The second month of working on Matisse & de Heem interaction (thinking, writing, painting), and it's only during today's painting session that I've noticed a most important thing about de Heem's still life. Now that I see it, I am having a hard time understanding how I could have missed it before, but that's the truth: only an attempt to "push" a still life of my own towards de Heem's approach to composition that has brought me to see this meaning, "hidden" in plain view.
I noticed right away the two major, nearly symmetrical, triangles that organize de Heem's composition (a structure emphasized in Matisse's "re-construction"), and the simple value design, focusing the viewer's attention on the table. I even noticed that this still life represents, visually, conceptually, and structurally, some sort of synthesis, or compromise, between de Heem's two personalities, the Dutch Golden Age one and the Flemish barocco one: especially the lute in the bottom left corner, downplayed, nearly hidden within a darker color area. What I had failed to see before today is the point of this whole structure.

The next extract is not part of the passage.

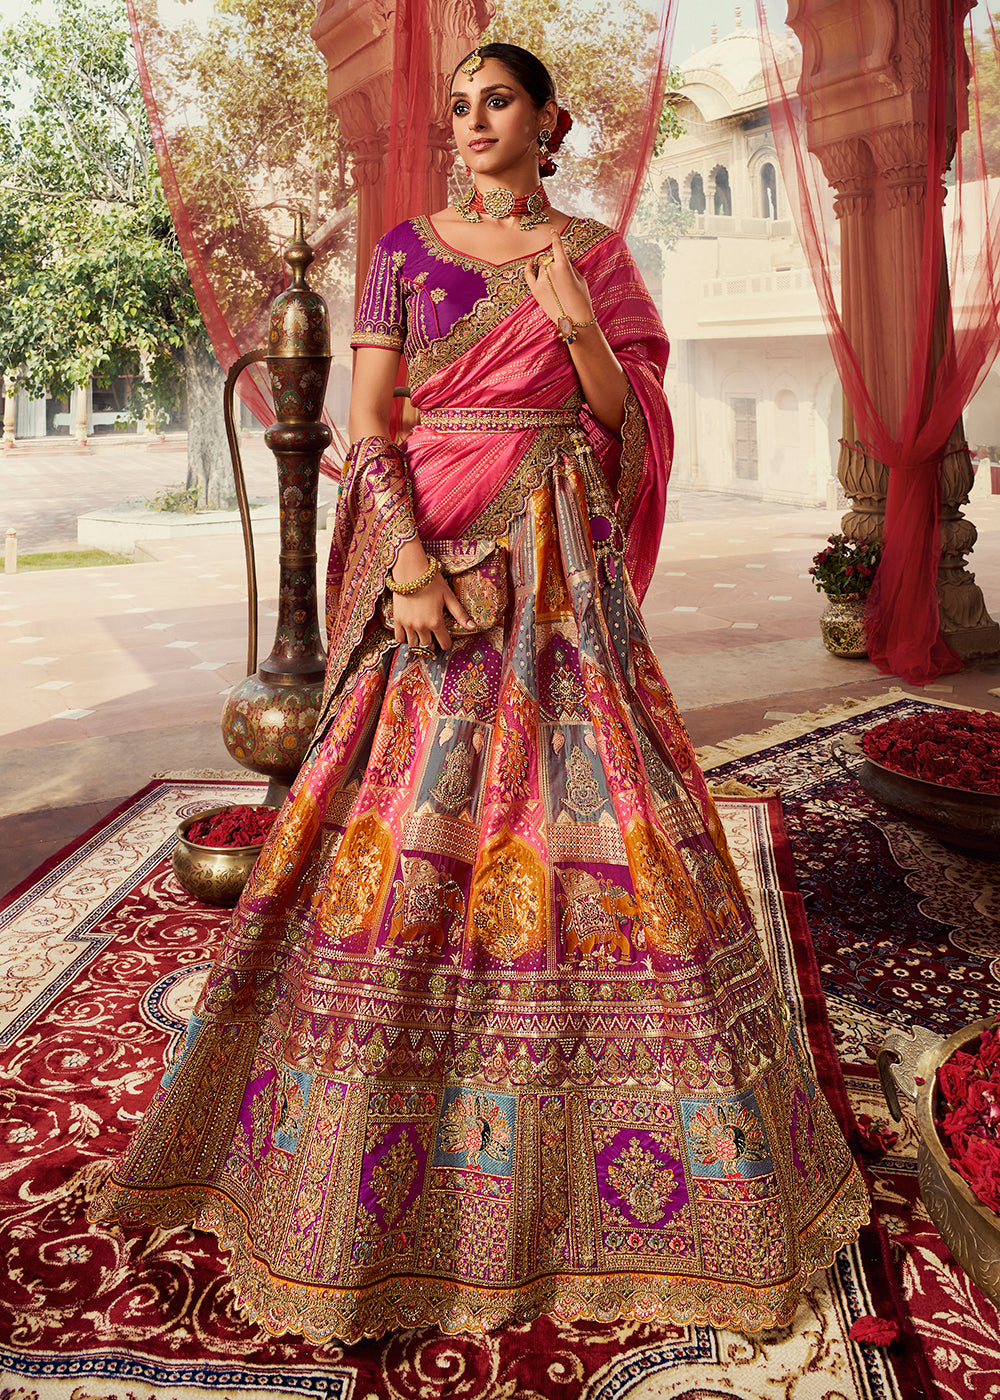 Buy Now Royal Multicolor Plum Embroidered Bridal Lehenga Choli Online in USA, UK, Canada & Worldwide at Empress Clothing.

The two triangles are representationally supported by the drapery which is supposed to form the background for the table of desserts, and this drapery nearly covers two things: a window on the left, hidden almost completely within the left-hand triangle, and a strange, building-like cabinet on the right, with some sort of circular decoration, within the right-hand triangle. The latter is quite visible, and painted with a considerable attention to detail, but, in a sense, escapes the viewer's attention because of the overall value design: the viewer's eye goes down, attracted by the whitest white of the cloth and the interplay of contrasting values within the fruit and silver on the table.
Still, the geometrical composition of the painting points to the apexes of major triangles; the right-hand one disappears in the darkness, but just under the left-hand apex we see, if we pay some attention, what sits on the top of the cabinet (and only because of this, we can recognize it as a cabinet, not a building): a heap of books, a globe-like model, and a roll of paper (or something), all half-covered by the drapery.
It's as though the painter allows an attentive viewer to see, up there, what it is that he has put away, and covered by the drapery, in order to set up his Flemish Barocco still life, all these fruits, silver goblets, and other earthly delights: moved to the edges of the painting, "hidden" by muted earth tones and the simplicity of value structure, is the stuff of his youthful Leiden work: his lute, and books, and manuscripts. These are the things, I hear him say, that I have -- if not given up, then, at the very least, moved to the nearly invisible edges of my life, in order to paint this incalculable multitude of brightly colored florals and richly laid tables, which have made me so successful in Antwerp.
I doubt the original buyer of this painting could see this message; in those pre-globalization times, few people could have known both "sides"of de Heem's work. But Matisse certainly could; remarkably, though, as you can see in this detail of his painting, he definitely downplayed the books: one would have never been able recognize them here without looking at de Heem's original first.
Instead, Matisse "opened up" the drapery on the left-hand side of the painting and emphasized the window, and the landscape, which are barely visible in de Heem's original (but they are there nonetheless). This creates a distinctly audible conversation across ages and cultures: here are your desserts, delight for your body; here are your books and your lute, delights for your mind and soul; and out there, outside your studio, are the sky, and trees, and the whole wide world. What do you choose to focus on?